その一角にある不気味に発色する岩で出来たテーブルを囲み、エイミーとクィンス(官子)が紅茶を口にしてくつろいでいる。
「どうですか、エイミー様?」
自分のカップを握ったまま、クィンスは紅茶を飲むエイミーの姿をいつもの掴みどころの無い表情で見つめている。
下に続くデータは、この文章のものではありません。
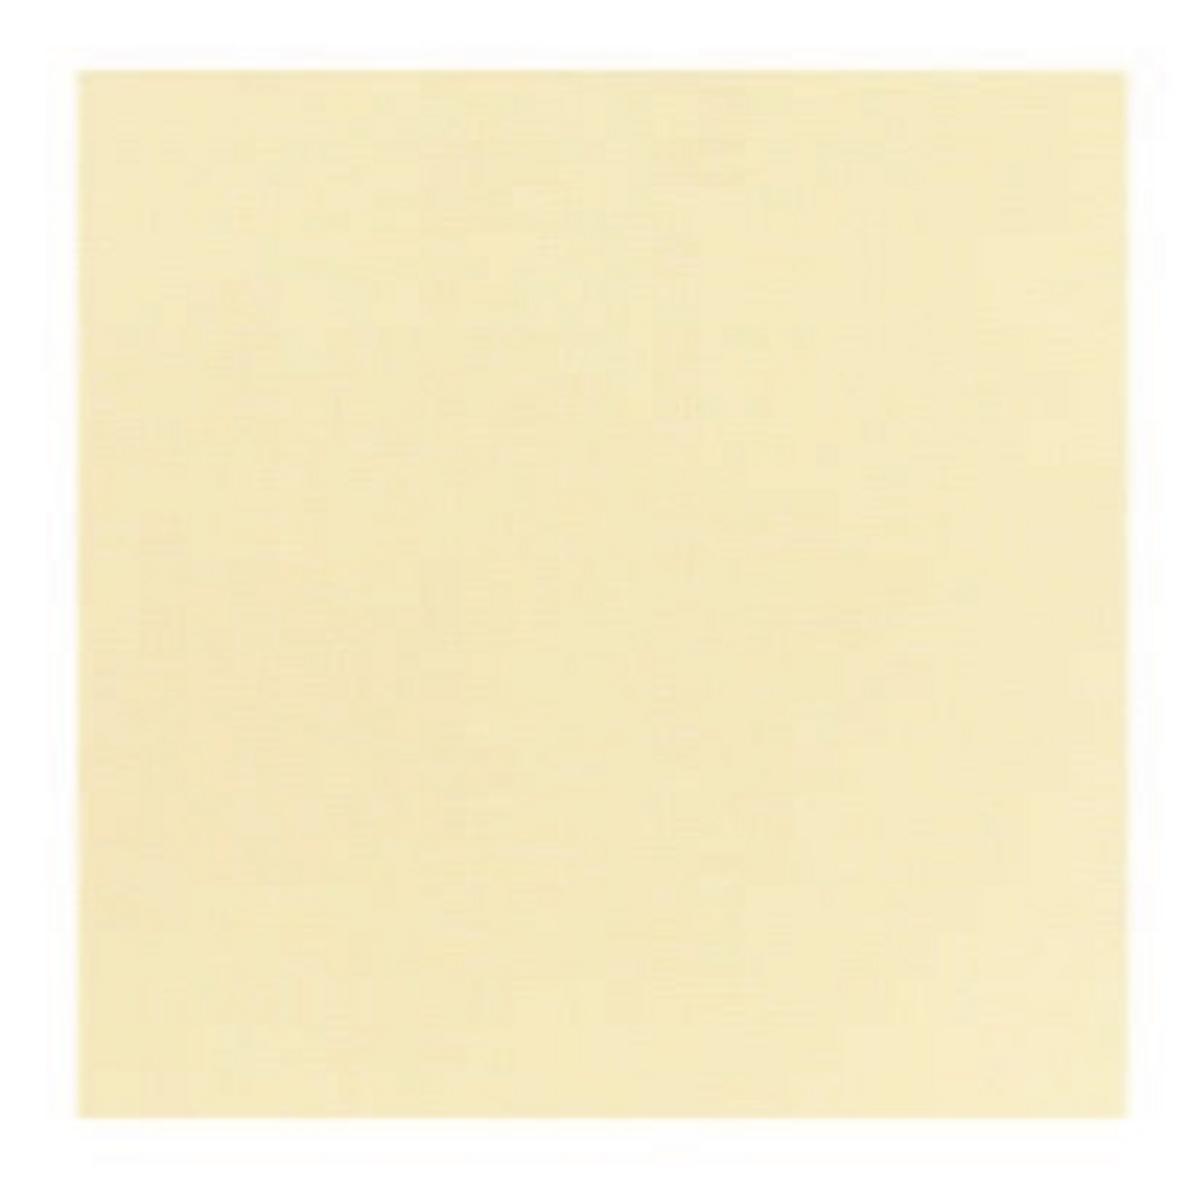 Serviette ivoire non tissé 40x39 cm Basik Soft Guest Of (50 pièces)

その言葉を気に留めず、エイミーはしばらく紅茶の香りに耽っている。
「……官子にしては上出来ね。美味しいわ」
「ありがとうございます、エイミー様」
「さて、このくらいにして、次の計画を考えないと……」
カップを静かにテーブルに置いた時だった。
「ご機嫌いかがかしら? プロフェッサー・エイミー」
ある声にエイミーがその手を止め、顔を上げる。
その目に映ったもの。それは同じ幹部の1人、Ωが壁に凭れ掛かり、エイミーを見ている姿だった。
「珍しいわね。あなたが私の研究室に足を踏み入れるなんて」
「ええ。少しあなたとお話ししたくてね」
Ωはゆっくりとエイミーへ近づいていく。
「Ω様、紅茶でもいかがです?」
クィンスの明るい声が一瞬静寂を裂く。
「いいわ。紅茶は合わないの。こういう体だから」
「あっ、そうでしたね。ごめんなさい」
Ωの答えを聞き、クィンスはテーブルにある2つのカップを持つと、それを持って研究室を後にした。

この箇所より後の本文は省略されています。